Not every query needs the live web. Searching when the model already knows the answer wastes latency and money; not searching when freshness matters produces confident hallucinations. The orchestration layer — whether you drive it with LangGraph, AutoGen, CrewAI, or the agent framework of your choice — decides the routing. AgentCore is framework-agnostic at this layer: you bring your orchestration logic, AgentCore provides the runtime and tools beneath it.

Layer 5: The Observability Layer — Proving What the Agent Saw

When an agent gives a wrong answer, the first question is: what did it retrieve? Without traces, you're debugging a black box. AgentCore Observability captures the full trajectory — the query issued, the sources returned, the snippets passed to the model, the final synthesis. This is the layer that makes the other four debuggable. It's also the one that turns 'it sometimes hallucinates' into 'on step 3 it retrieved a low-authority source we can now filter out.' Observability isn't a nice-to-have. It's how you learn.

The AgentCore Web Search Request Lifecycle (User Query → Grounded Answer)

  1


    **User Query → AgentCore Runtime**

Request enters the managed runtime carrying the caller's scoped identity. AgentCore Identity validates which tools and destinations this agent may reach. Latency: single-digit ms.

↓


  2


    **Orchestration Decision (LangGraph / AutoGen)**

Your routing logic asks: does this need fresh data? If no, skip retrieval. If yes, formulate a search query. This single decision is where most cost and latency are won or lost.

↓


  3


    **Web Search Tool Invocation**

AgentCore dispatches the query, ranks live results, and extracts clean, structured snippets with source URLs. No scraper to maintain. Latency: typically hundreds of ms to ~1.5s depending on result depth.

↓


  4


    **Memory Write + Context Assembly**

Retrieved facts persist to AgentCore Memory and are assembled into the model's context window alongside private RAG results, if any.

↓


  5


    **Model Synthesis (Bedrock-hosted LLM)**

The grounded model generates an answer constrained to retrieved context, attaching citations to source URLs.

↓


  6


    **Observability Trace Emitted**

The full trajectory — query, sources, snippets, synthesis — is logged for audit and debugging before the response returns to the user.

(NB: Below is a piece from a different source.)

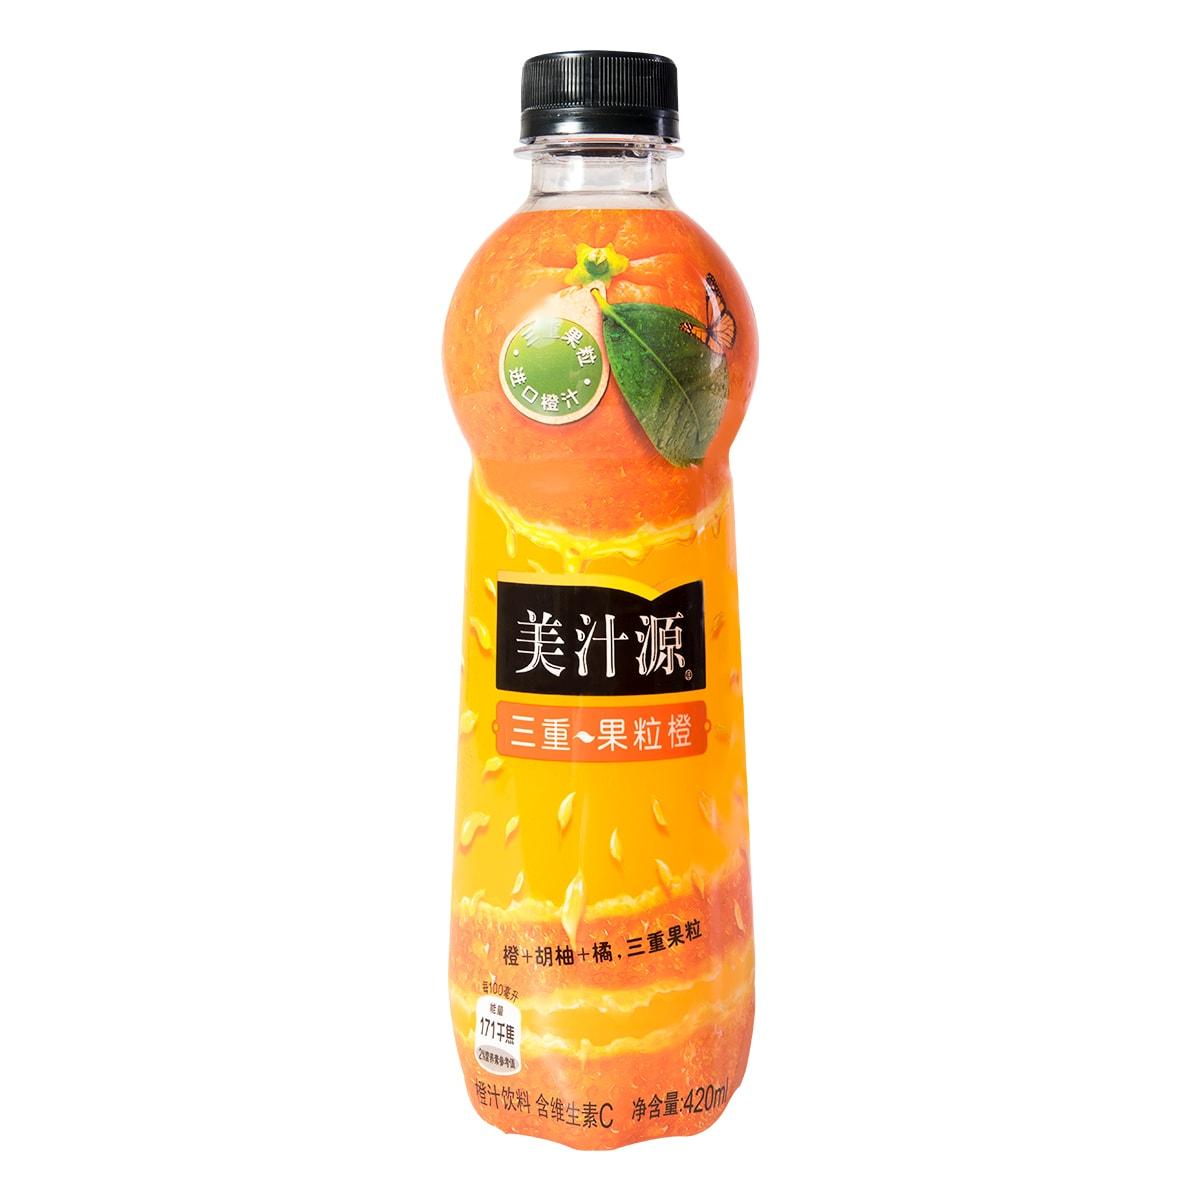 美汁源 三重果粒橙饮料 420ml

The sequence matters because a failure at any single step compounds — and observability (step 6) is what makes steps 1–5 fixable rather than mysterious.

The five-layer model of the AI Coordination Gap. Each layer maps to a native AgentCore capability — which is precisely why the managed bundling is the product, not the search feature alone.

Why Does Real-Time AI Technology Beat a Bigger Model?

Here's a claim worth screenshotting: for time-sensitive tasks, a mid-tier model with live web grounding beats a frontier model without it — every time, on accuracy, and usually on cost. A frontier model with a January knowledge cutoff cannot tell you June's news no matter how many parameters it has. Grounding isn't a nice-to-have layered on top of intelligence; for a large class of queries it is the intelligence.

You cannot prompt-engineer your way out of a stale knowledge base. The most expensive model in the world still doesn't know what happened after its training cutoff. Retrieval is not optional — it's the floor.

This reframes the entire model-selection debate. Senior teams spend weeks A/B testing Claude versus GPT versus open-weight models, chasing two or three benchmark points, while their agents serve stale answers because nobody owns the retrieval layer. The Coordination Gap is hiding in plain sight: everyone optimizes the component they're measured on, and nobody owns the seams.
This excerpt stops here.